Note! Please note that this article is currently in the "Article in Press" stage and is not the final "Version of record". While it has been accepted, copy-edited, and formatted, however, it is still undergoing proofreading and corrections by the authors. Therefore, the text may still change before the final publication. Although "Articles in Press" may not have all bibliographic details available, the DOI and the year of online publication can still be used to cite them. The article title, DOI, publication year, and author(s) should all be included in the citation format. Once the final "Version of record" becomes available the "Article in Press" will be replaced by that.
Abstract
Background: Metastasis is a major cause of death in UM, highlighting the need to use highly specific and sensitive prognostic markers to identify patients with a risk of developing metastasis.
Aims: The aim of this study was to improve the current precision treatment for patients with metastatic uveal melanoma (UM).
Objective: The objective of this work was to investigate the heterogeneity between primary human UM and metastatic UM at the single-cell level and to discover potential molecules regulating UM metastasis.
Methods: Seurat R toolkit was employed to analyze single-cell sequencing data of UM and to identify differentially expressed genes (DEGs) between primary and metastatic UM. Least absolute shrinkage and selection operator (LASSO) and Cox regression analyses were performed on the DEGs from the bulk RNA-seq cohort to develop a prognostic model. Based on the model, patients were divided into high and low groups. The correlations among the risk score, immune indicators, immune checkpoint blockade (ICB) therapy, and anti-tumor drug therapy were analyzed.
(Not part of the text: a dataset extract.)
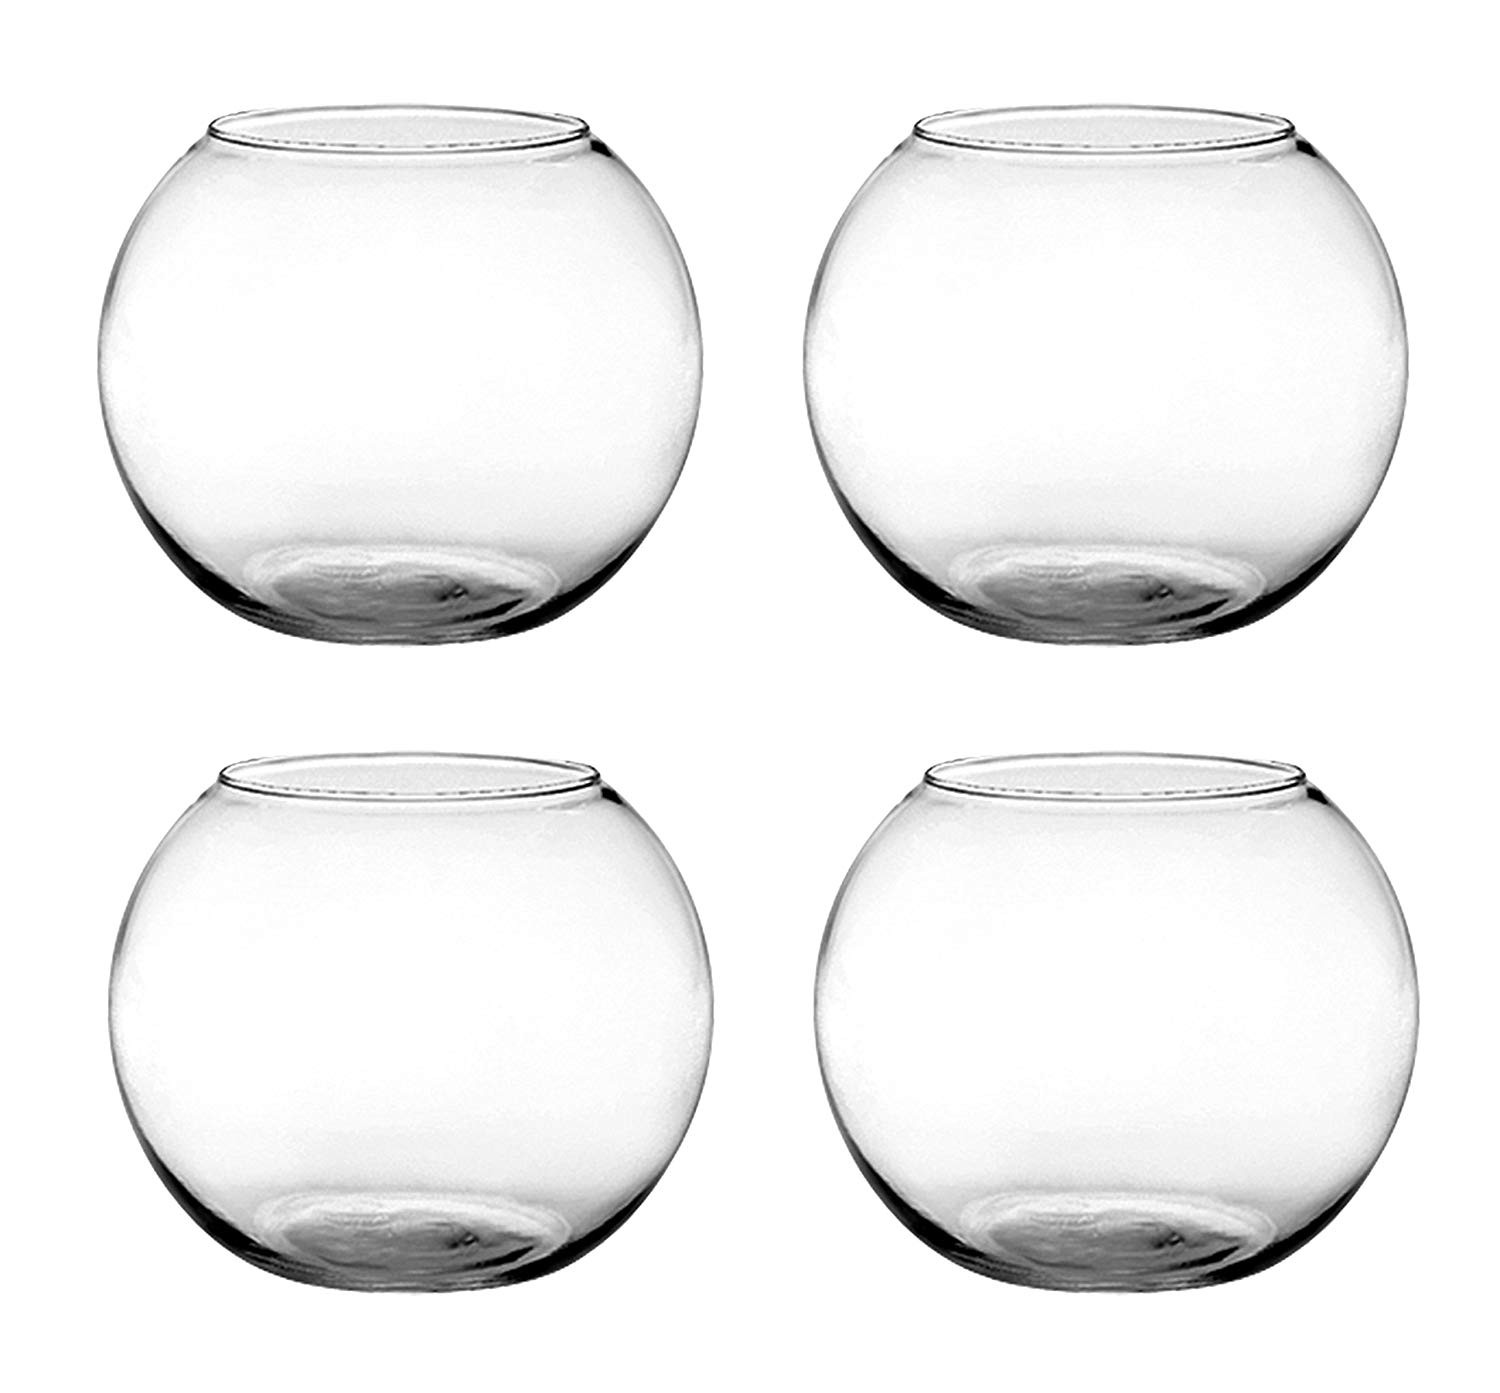 22 Stylish Low Cost Glass Vases 2022 free download low cost glass vases of amazon com set of 4 syndicate sales 6 inches clear rose bowl with amazon com set of 4 syndicate sales 6 inches clear rose bowl bundled by maven gifts garden outdoor

Results: Cell types in primary UM and metastatic UM tumors include B/plasma cells, endothelial cells, melanocytes, monocytes/macrophages, photoreceptor cells, and T cells. Among 157 DEGs between the two tumor types, S100A4, PDE4B, CHCHD10, NSG1, and C4orf48 were selected to construct a prognostic model. The model could accurately and independently predict response to ICB treatment and sensitivity to antineoplastic drugs for UM patients as well as their immune infiltration levels, risk of death, and metastasis possibility.
Conclusions: This study analyzed the tumor ecosystem of primary and metastatic UM, providing a metastasis-related model that could be used to evaluate the prognosis, risk of metastasis, immunotherapy, and efficacy of antineoplastic drug treatment of UM.